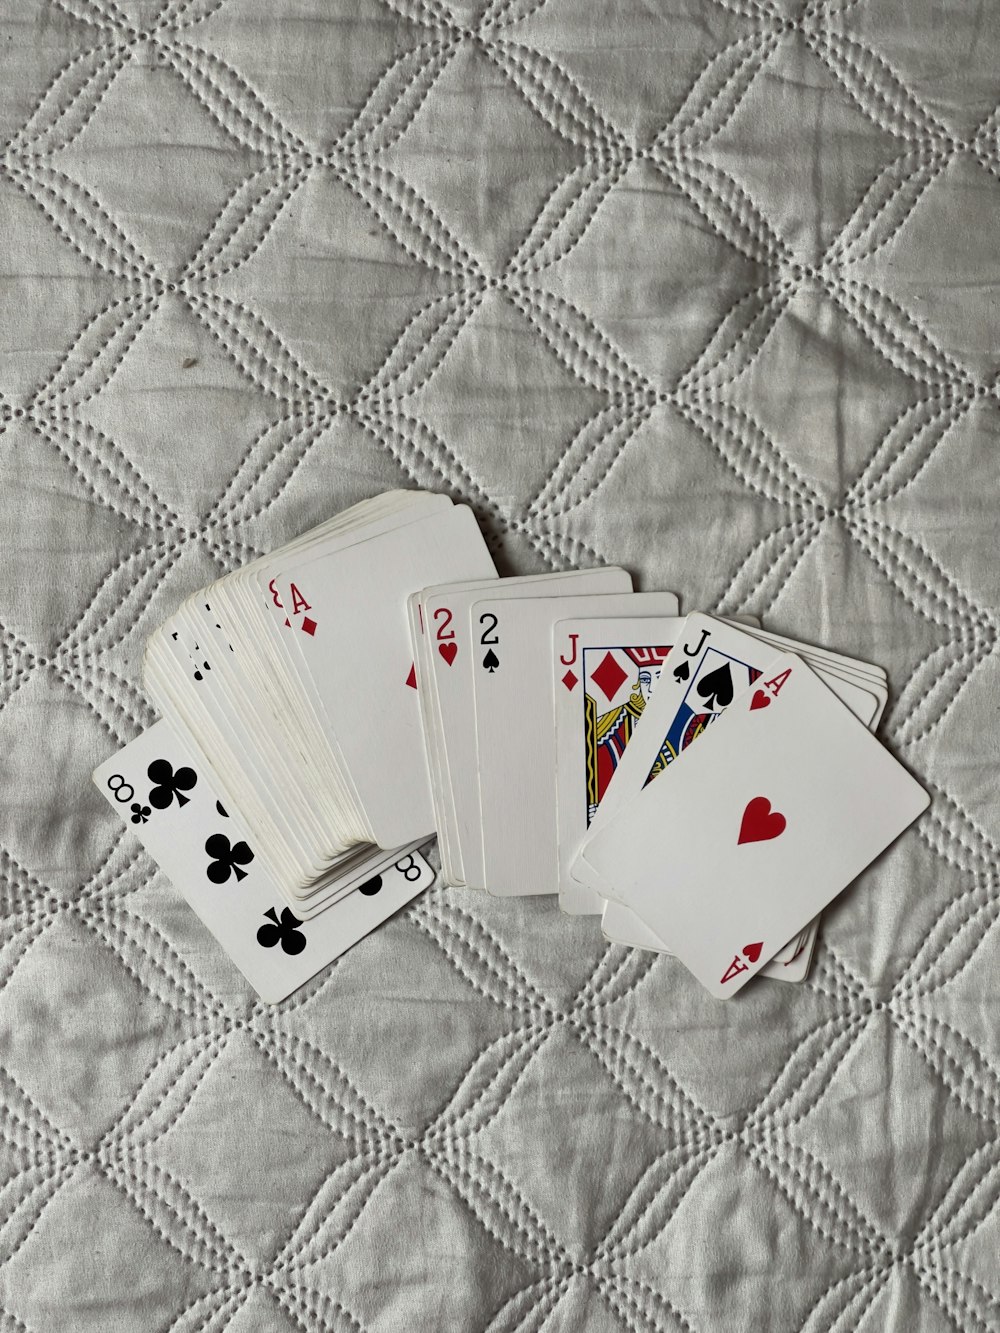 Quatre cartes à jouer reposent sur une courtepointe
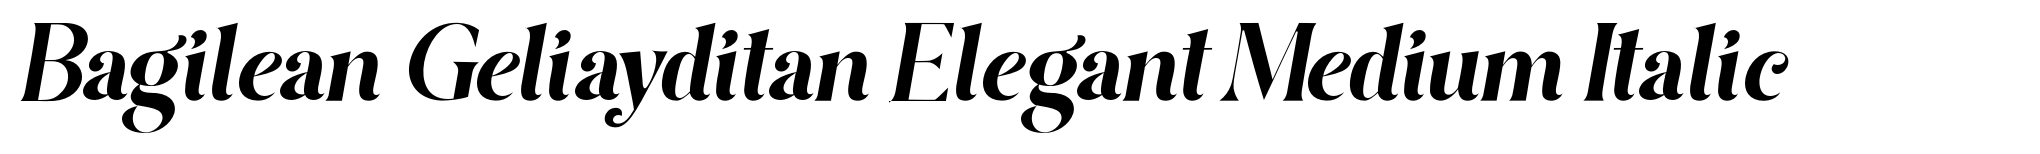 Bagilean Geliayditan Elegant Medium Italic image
+-------+
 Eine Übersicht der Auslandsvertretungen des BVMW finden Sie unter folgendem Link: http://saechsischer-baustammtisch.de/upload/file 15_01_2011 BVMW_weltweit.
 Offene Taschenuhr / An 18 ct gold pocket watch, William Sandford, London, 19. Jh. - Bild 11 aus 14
+-------+
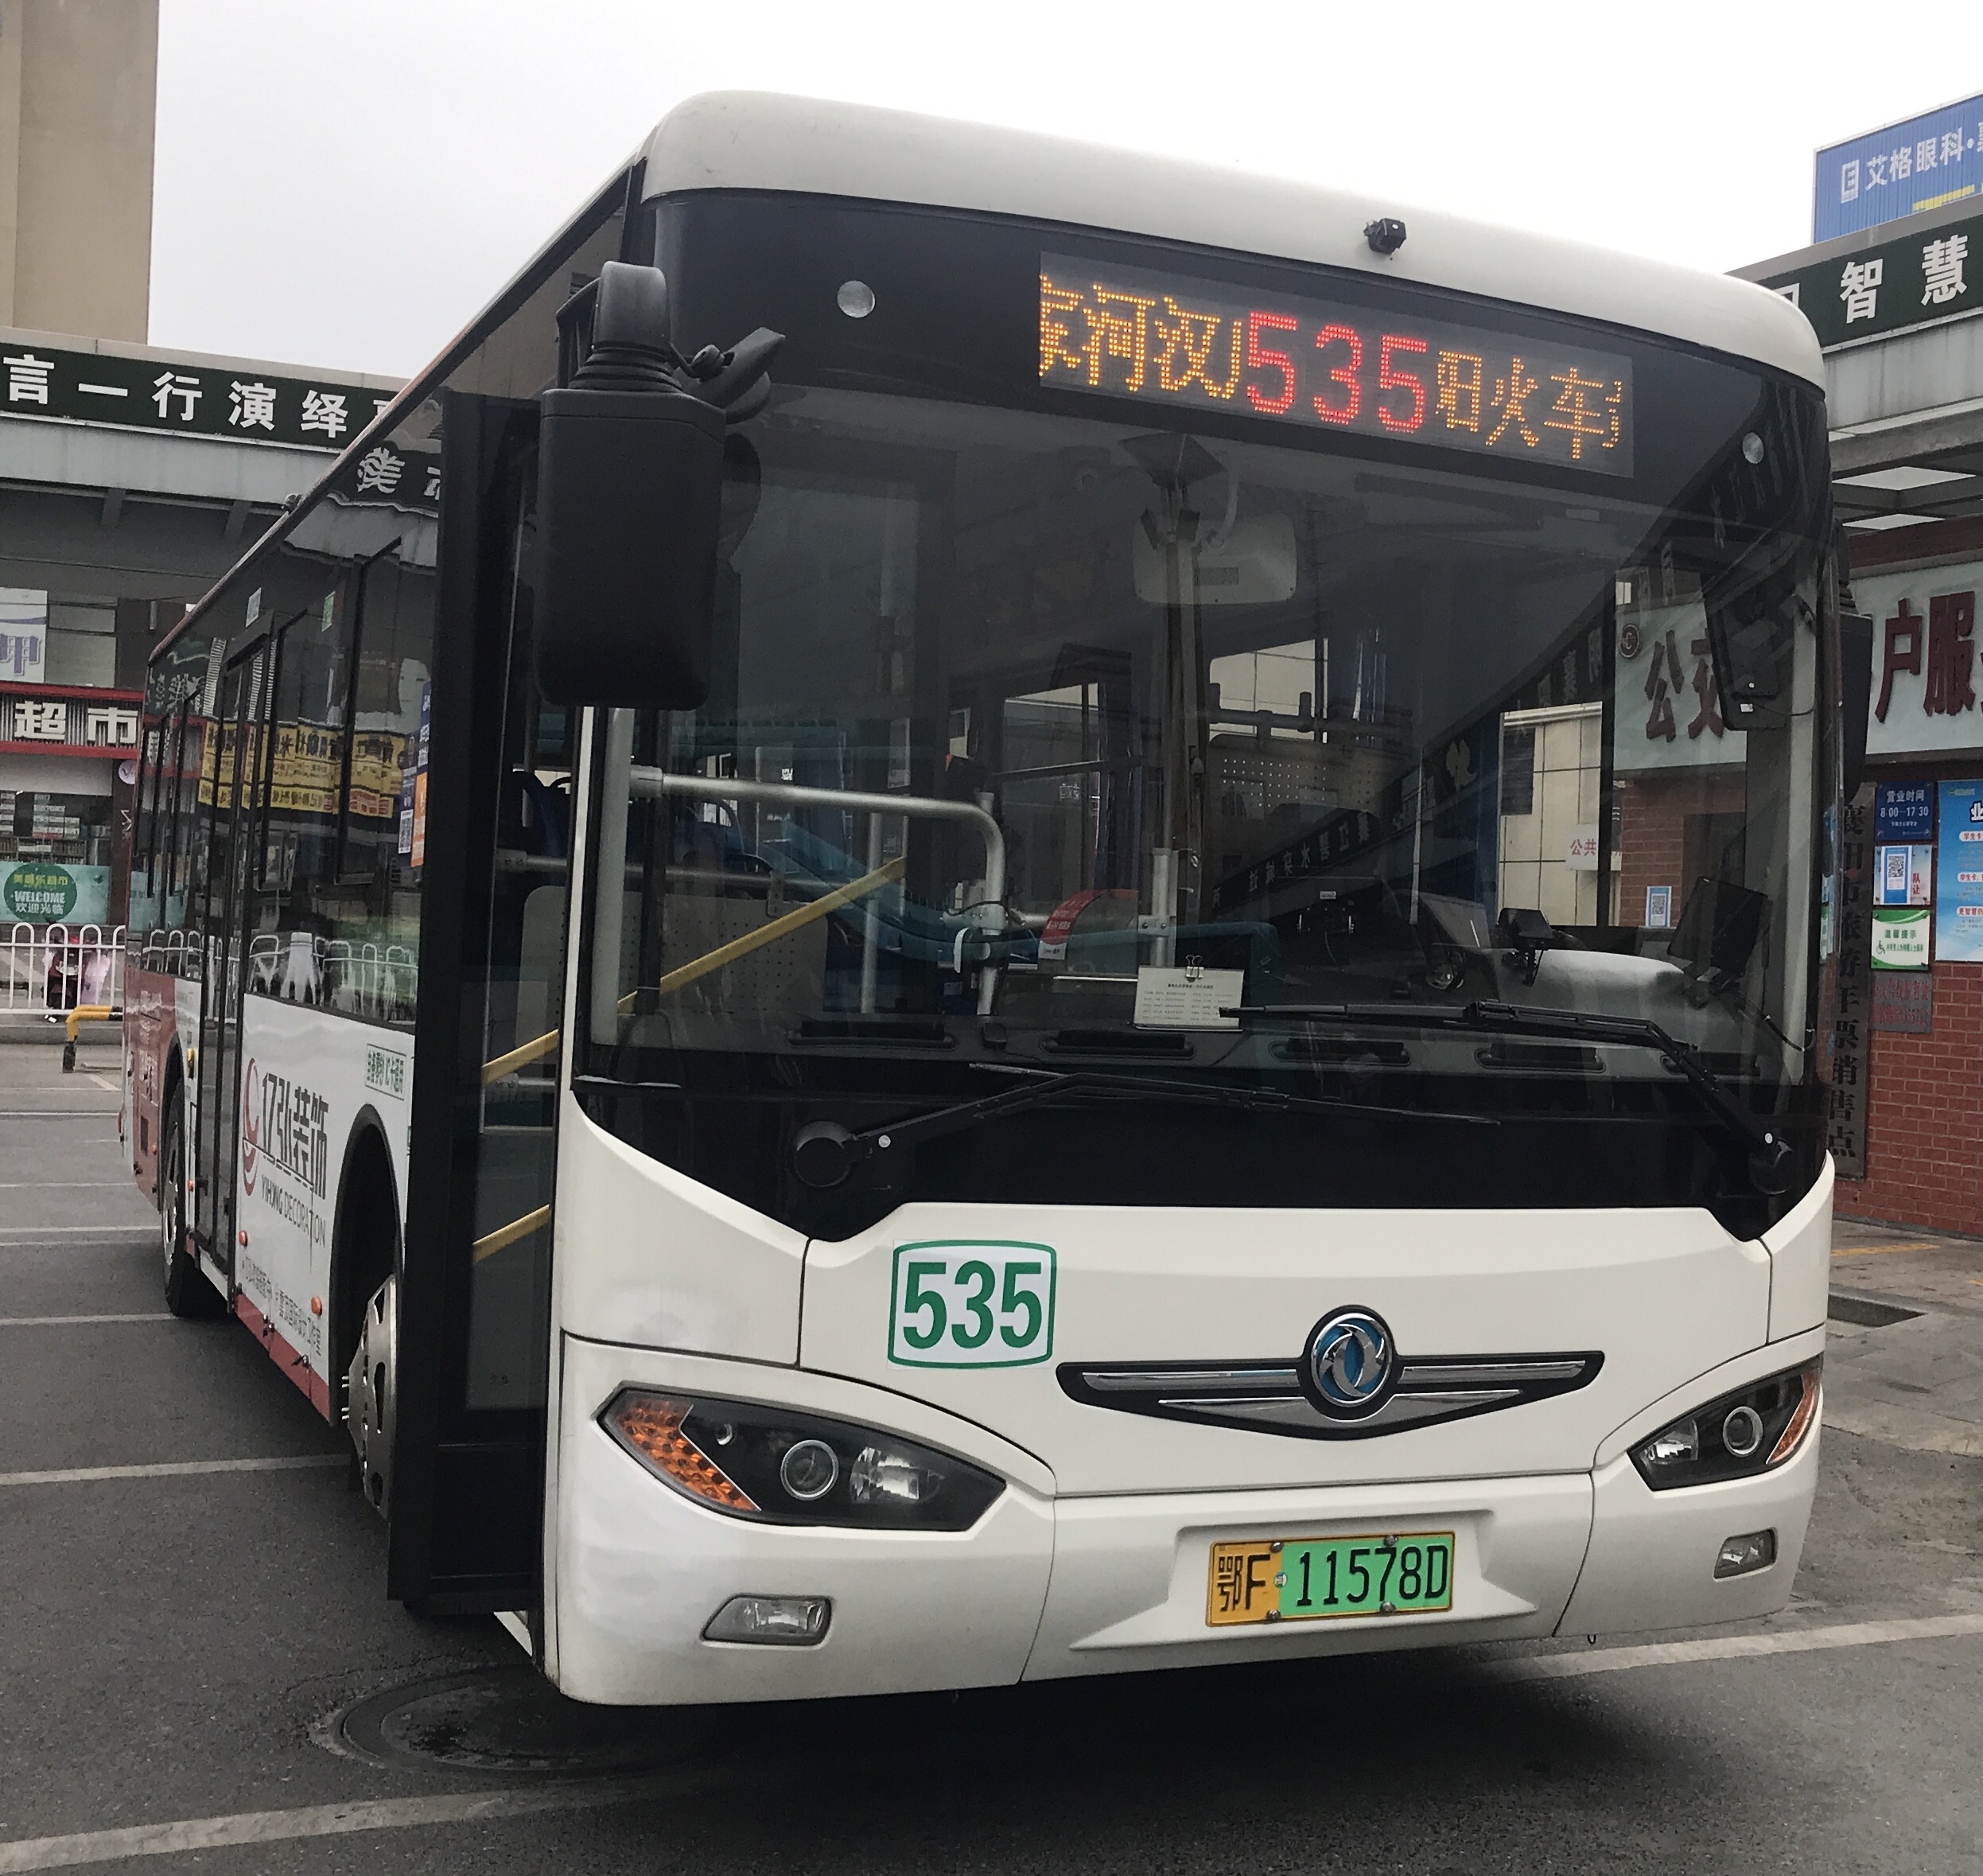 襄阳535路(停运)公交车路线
+-------+
- [WHAT IS BEING ASKED] Skipping every picture, transcribe exactly the lines above from the one containing "Quatre cartes à" through the one containing "Bagilean Geliayditan Elegant", both included.

- [OUTPUT FOR THIS EXERCISE]
 Quatre cartes à jouer reposent sur une courtepointe
 Bagilean Geliayditan Elegant Medium Italic image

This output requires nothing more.